LAS VEGAS — The U women’s basketball team did everything but bow down and hail Colorado State’s Amaka Uzomah on Wednesday night.
The self-proclaimed “Queen” proved to be the difference in the game, grabbing 15 rebounds — 12 of which were in the second half — and the Rams snuck away from the Thomas & Mack Center with the biggest upset of the conference year.
“I was hoping to get 18, but a couple of them slipped,” Uzomah said. “What can I say? I guess I’m just the rebounding queen.”
The Utes were able to keep Uzomah off the glass in the first half, holding her to only three rebounds while her counterpart on the Utah side, Katie King, pulled down seven boards of her own.
The second half, however, was a different story.

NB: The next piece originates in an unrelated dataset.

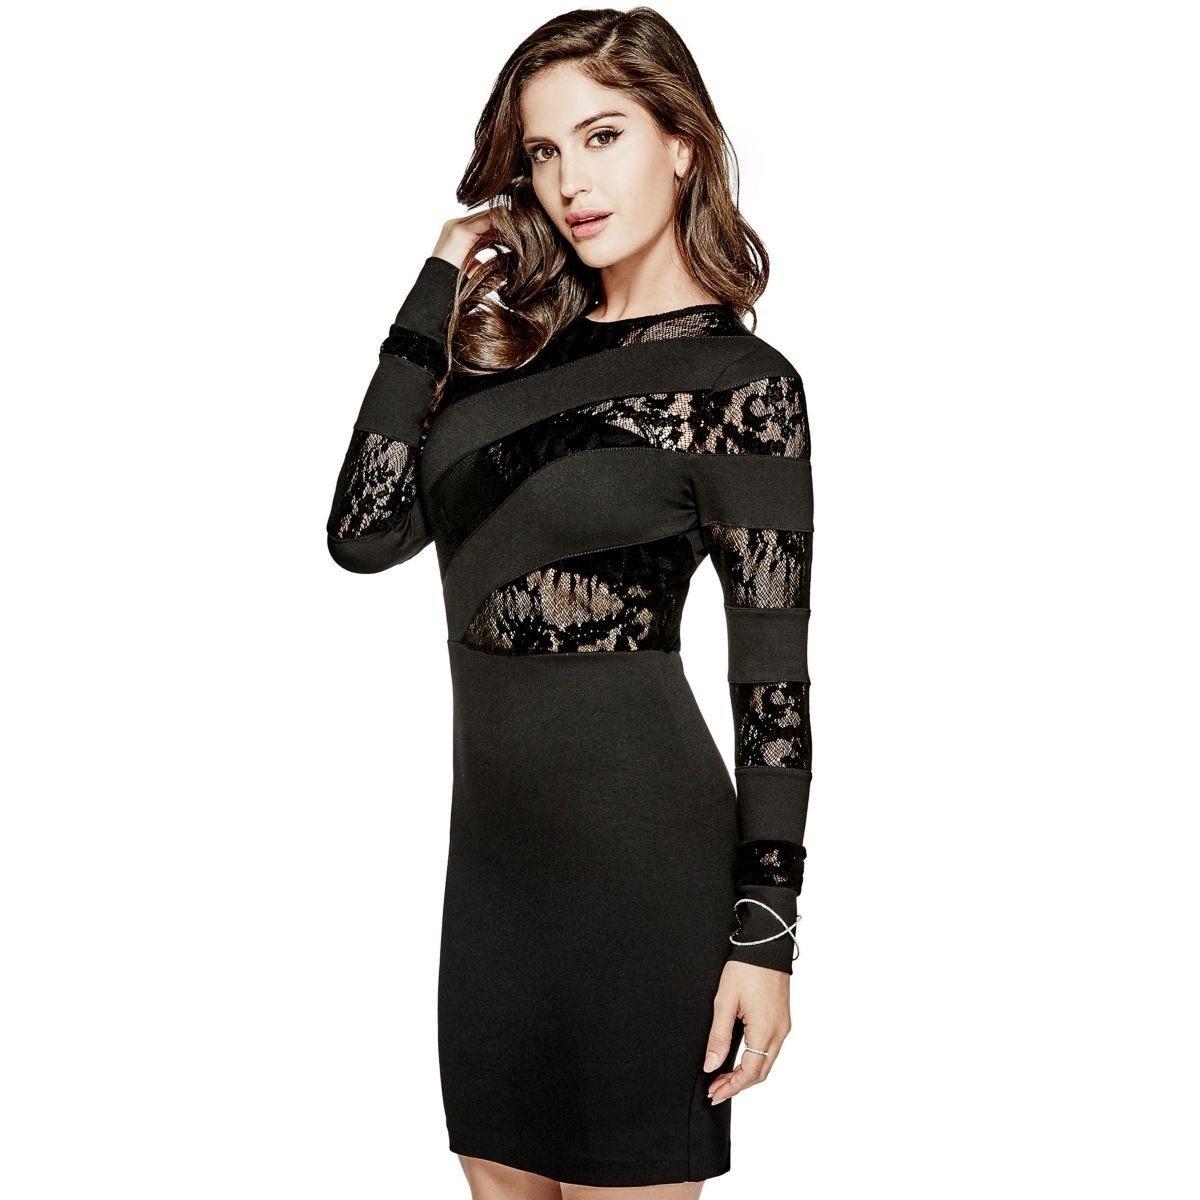 13 Schön Schöne Damen Kleider Design17 Top Schöne Damen Kleider Ärmel

King was only able to pull down one rebound, and the 6-foot junior Uzomah bullied the Utes up and down the floor, snagging four offensive and eight defensive rebounds in the latter half to ensure the upset.
“When I got into the locker room and looked at my stats and saw that I only had three rebounds, I was like, ‘I got to come out and rebound,'” Uzomah said. “I just kept telling myself, ‘Don’t get into foul trouble, go to the boards hard and rebound the heck out of it like you know how.'”
Uzomah was most effective down the stretch, pulling down six rebounds in the final five minutes of the game. Seemingly every time Utah needed a defensive rebound to preserve the comeback attempt, the junior would pound her way to the offensive glass and the Rams would score a crucial field goal.
“She’s a really good player, and she showed a lot of intensity tonight,” Utah guard Morgan Warburton said.
The undersized Utes could literally only watch as Uzomah played the carom time and time again. Utah head coach Elaine Elliott would often put two or three Utah bodies on the junior and she would still pull in the board.
“You mean put three to (box) her out, we should have used 10 to (box) her out,” Utah head coach Elaine Elliott said. “She was just a horse. She did a great job on the boards. All of the credit is hers.”
Uzomah was the colossal reason behind the Rams’ 24-14 rebounding advantage in the second half. Utah forward Kalee Whipple was able to pull down 11 rebounds and King finished the game with eight, but no other Ute finished the game with more than two boards.
If nothing else, the Rams exposed a glaring weakness in the Ute defense — the inability to cover a big body in the post.
“Towards the end, when it was time to make plays, I think they made more plays than we did,” Utah guard Leilani Mitchell said. “And they did a good job on the boards. You know, they were aggressive. I think we kind of shied away from that.”